Each line in the entries below that holds the string "with" is to be listed.

DATA FOR THE TASK below:

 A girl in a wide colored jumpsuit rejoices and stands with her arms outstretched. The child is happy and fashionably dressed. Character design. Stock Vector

End of DATA FOR THE TASK.
DATA FOR THE TASK below:

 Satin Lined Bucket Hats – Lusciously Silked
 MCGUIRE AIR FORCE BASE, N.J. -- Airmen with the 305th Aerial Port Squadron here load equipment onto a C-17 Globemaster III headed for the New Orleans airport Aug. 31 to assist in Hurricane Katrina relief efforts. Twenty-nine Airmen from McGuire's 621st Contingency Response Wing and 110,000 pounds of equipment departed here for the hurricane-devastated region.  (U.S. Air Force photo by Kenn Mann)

End of DATA FOR THE TASK.
DATA FOR THE TASK below:

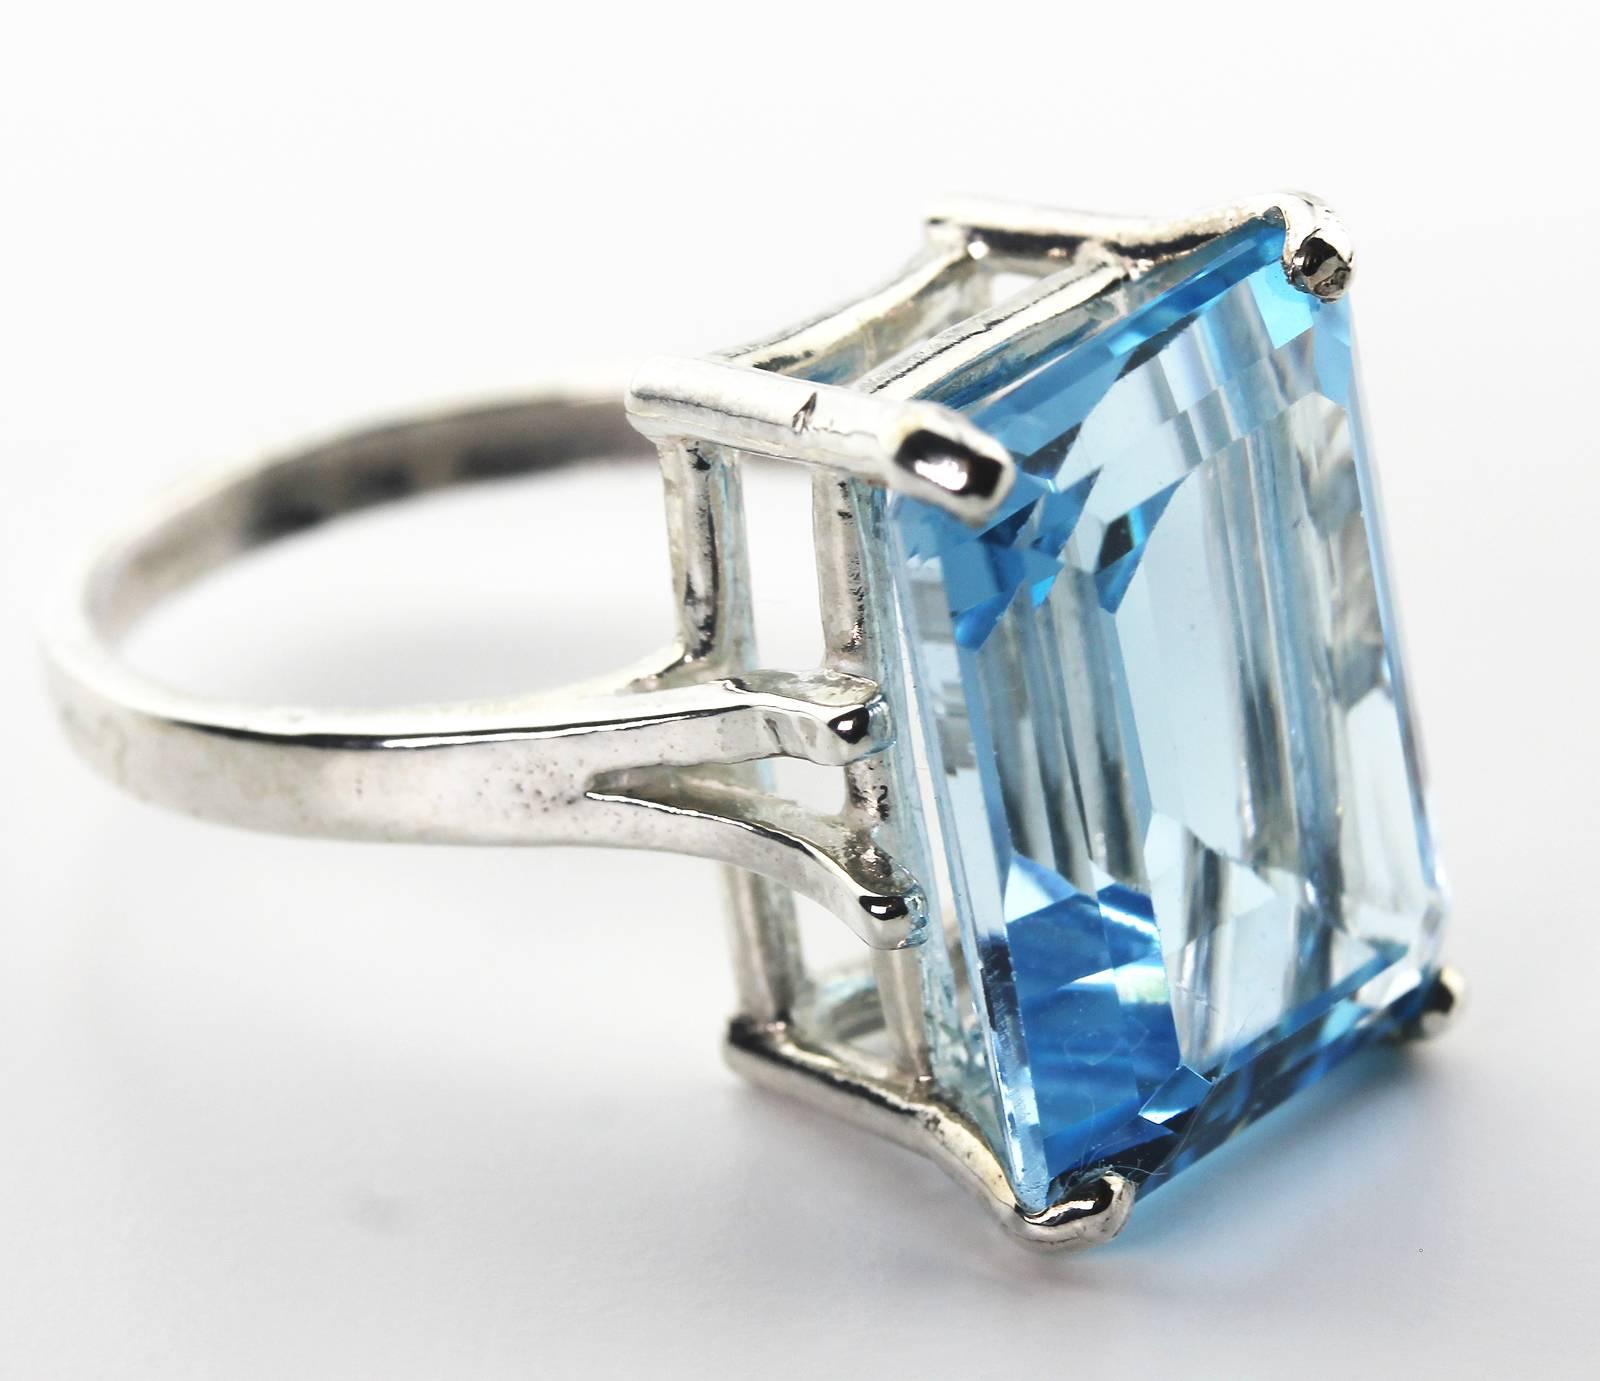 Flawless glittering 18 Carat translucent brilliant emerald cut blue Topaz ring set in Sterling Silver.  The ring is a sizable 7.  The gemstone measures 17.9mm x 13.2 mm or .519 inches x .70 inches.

End of DATA FOR THE TASK.

**SOLVED EXERCISE**
 A girl in a wide colored jumpsuit rejoices and stands with her arms outstretched. The child is happy and fashionably dressed. Character design. Stock Vector
 MCGUIRE AIR FORCE BASE, N.J. -- Airmen with the 305th Aerial Port Squadron here load equipment onto a C-17 Globemaster III headed for the New Orleans airport Aug. 31 to assist in Hurricane Katrina relief efforts. Twenty-nine Airmen from McGuire's 621st Contingency Response Wing and 110,000 pounds of equipment departed here for the hurricane-devastated region.  (U.S. Air Force photo by Kenn Mann)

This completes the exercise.